Stealing Cinderella(26)



“Perfect!” Narcissa exclaims.

“In the meantime, I’ve organized for them to tour the palace grounds and see a few highlights around the city,” my mother says. “Then I thought if the weather improves over the next few weeks, we could take them out onto the yacht.”

“That sounds amazing.” Lavinia plays her role perfectly, vying for an Academy Award. “I can’t think of anything I’d love more.”

The steward appears with our tea and an assortment of finger sandwiches, scones, and pastries about the same time Magnolia enters the room. Unlike her sister, she isn’t quite as skilled at hiding her true colors as she forks over the silver heel.

“See?” Lavinia displays it with an unwavering confidence that she’s fooling everyone. “Just like the other one.”

“Is it?” I challenge.

She holds my gaze as her mother lets out a nervous laugh. “Well, they did have to add some additional crystals, since the others had fallen off.”

“It’s a lovely shoe.” My mother nods. “I’ve never seen one quite like that.”

“I don’t suppose I have either.”

My words leave an unsettling silence in the room, which my mother quickly covers by asking the steward to pour the tea. After selecting our preferences and filling our plates, I sit through another hour of conversation, answering questions and nodding along as Lavinia and her family attempt to charm the queen.

“I have to leave,” I interrupt the women as my watch signals the new hour. “Calder and I have a sporting match we promised to attend this evening.”

“Oh, I didn’t realize.” My mother frowns. “Both of you?”

“Yes,” Calder covers smoothly. “Thor has been invited to do some sport shooting over at the Eriksen estate, and I said I would join him as well.”

“I see.” She sets down her teacup. “Well, Thor, please do let me know about your schedule this week. I like to plan ahead, as you know.”

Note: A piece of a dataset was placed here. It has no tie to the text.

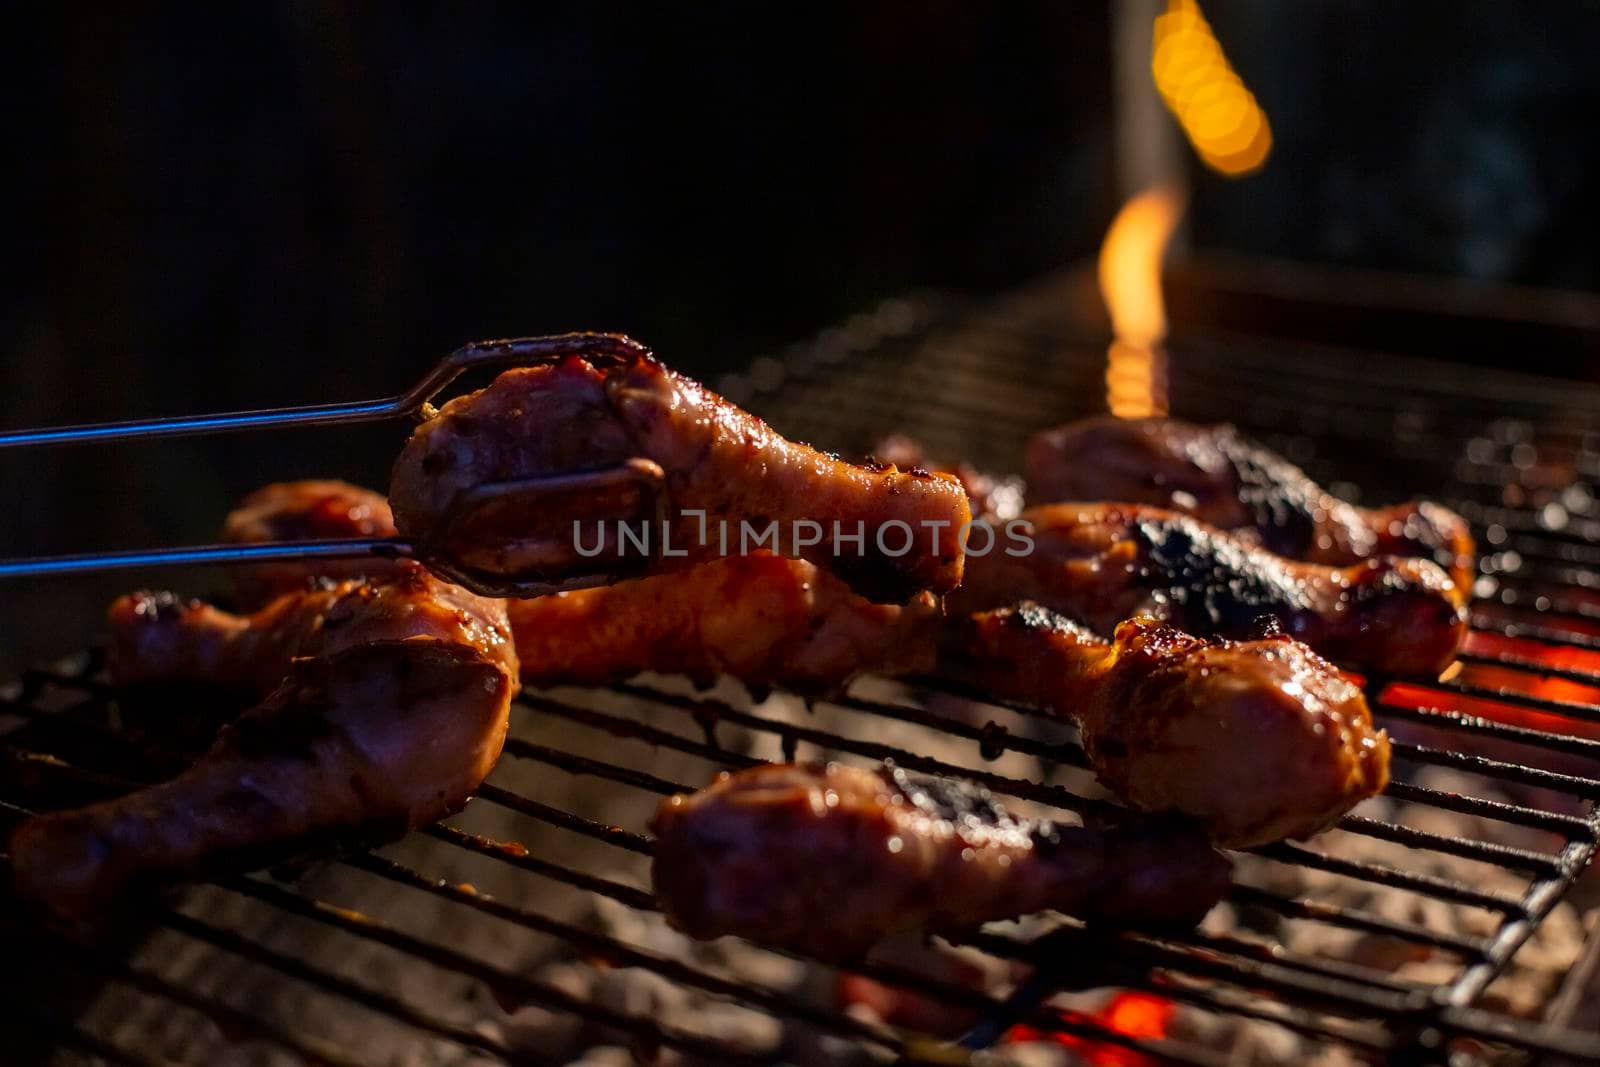 chicken drumsticks are grilled on a barbecue grill by Mariaprovector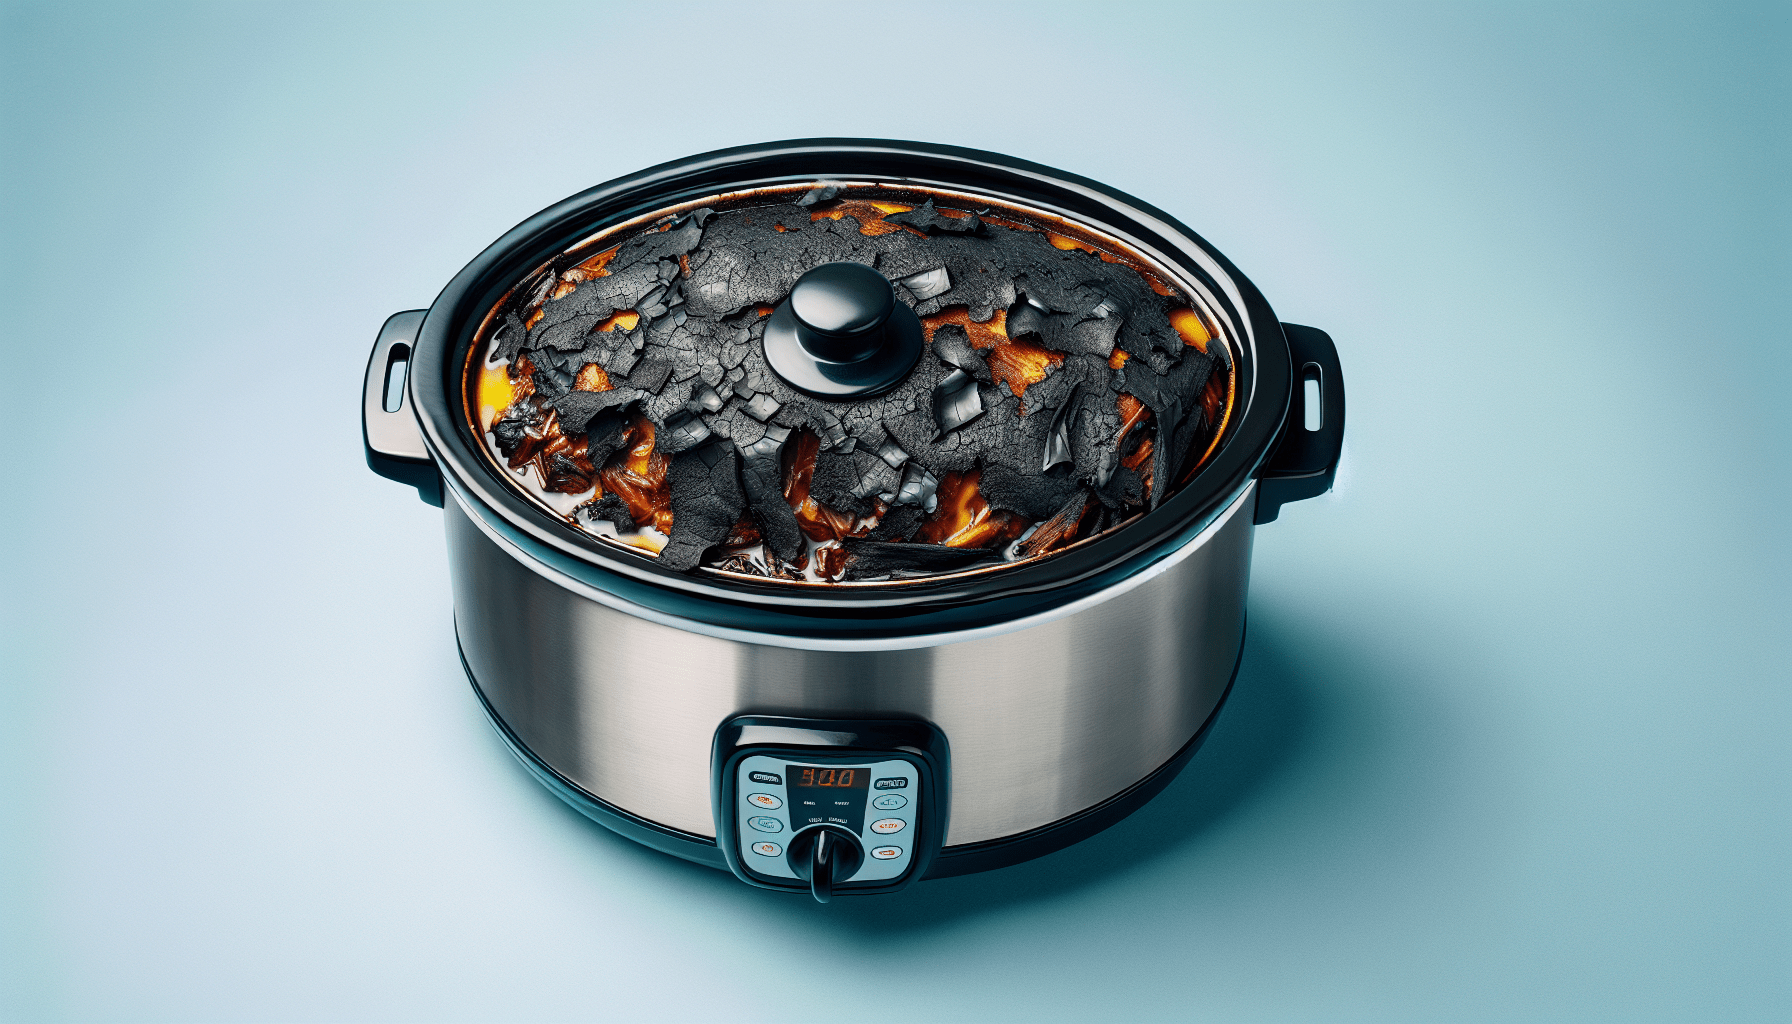 What Not To Do With A Slow Cooker?

Her words cast a gloomy shadow over the room. My mother doesn’t like to plan ahead. She’s always been known for her lively spirit of adventure. But the truth is, she doesn’t want anyone to know how advanced her cancer is, and the only way she can control that is to organize everything around her.

“I’ll let you know.” I kiss her on the cheek, and Lavinia rises, expecting a similar farewell. I dismiss her with a nod.

“Lavinia, Narcissa, Magnolia. Until next time.”





13





Ella





I wiggle my fingers against the restraints, attempting to bring some blood flow back to my limbs. It feels like hours have passed, but the clock on the mantel is too far away to tell for certain. Several times, I’ve considered screaming for help, but the fact that nobody came to my rescue during my great escape this morning makes me believe I’m in a part of the house that isn’t easily heard.

The quarters I’m in, as Thorsen called them, consists of a bedroom, a bathroom, and an office. Each room is decorated in shades of white and gold, and it’s surprisingly light and airy. Every piece of furniture seems more expensive than the last, and I can’t imagine what the rest of the estate must look like. But right now, I’m more concerned about all the instruments of torture around me. Whips and paddles and ropes of varying lengths. Half of the room is outfitted like a tool shed with strange apparatuses carefully hung from hooks. Beneath those, a white apothecary cabinet spans the length of the entire wall. It would have been convenient if I had noticed those things this morning before I heard the door unlock. But in my rush, I grabbed the first thing I could, which turned out to be a bedside lamp. When I close my eyes, I can still recall the sickening thud it made when it came in contact with Thorsen’s skull.

I’ve never hurt anybody in my life, and I don’t think I’ve ever been so horrified as I was when I saw the blood dripping from his temple. But I was little more than a wild animal at that point, fighting for my life. My freedom. Whatever waited outside these grand walls for me.

Then he came in here and flipped everything on its head with his offer. It was so much money. So easily disposable to this powerful man, like it would mean nothing for him to write those checks every day. But it comes at a cost to me. To my soul. And I still can’t believe I said yes.

For the entirety of his absence, I have debated whether I’ve lost my mind, swinging wildly from one extreme to the next. I should tell him I changed my mind. But every time I consider that I imagine the sanctuary… gone. Olivia bankrupt. Animals without homes.

Is it really so awful to give myself to this man for two months? The same man I dreamed about in this way? I’ve already imagined him inside me. I’ve considered what he’d taste like, how his hands would feel on my body when he touched me.

I don’t have to like him to enjoy his touch, right? And it’s easy to reason that he couldn’t do anything worse than what I’ve already experienced at the hands of Narcissa and her daughters. He could hit me, bruise me, torment me, and it wouldn’t be anything outside the realm of what I’ve already lived. But he can never truly hurt me. Not where it counts. Not if I steel myself to withstand whatever challenge he throws at me. Except, the truth is, I don’t know what to expect from this wicked prince. Because I have never been touched by a man; the kiss he gave me this morning was my first. It was dark, and it was violent, and still, shame lingers within me as I squeeze my thighs together and feel the sticky residue of my arousal there.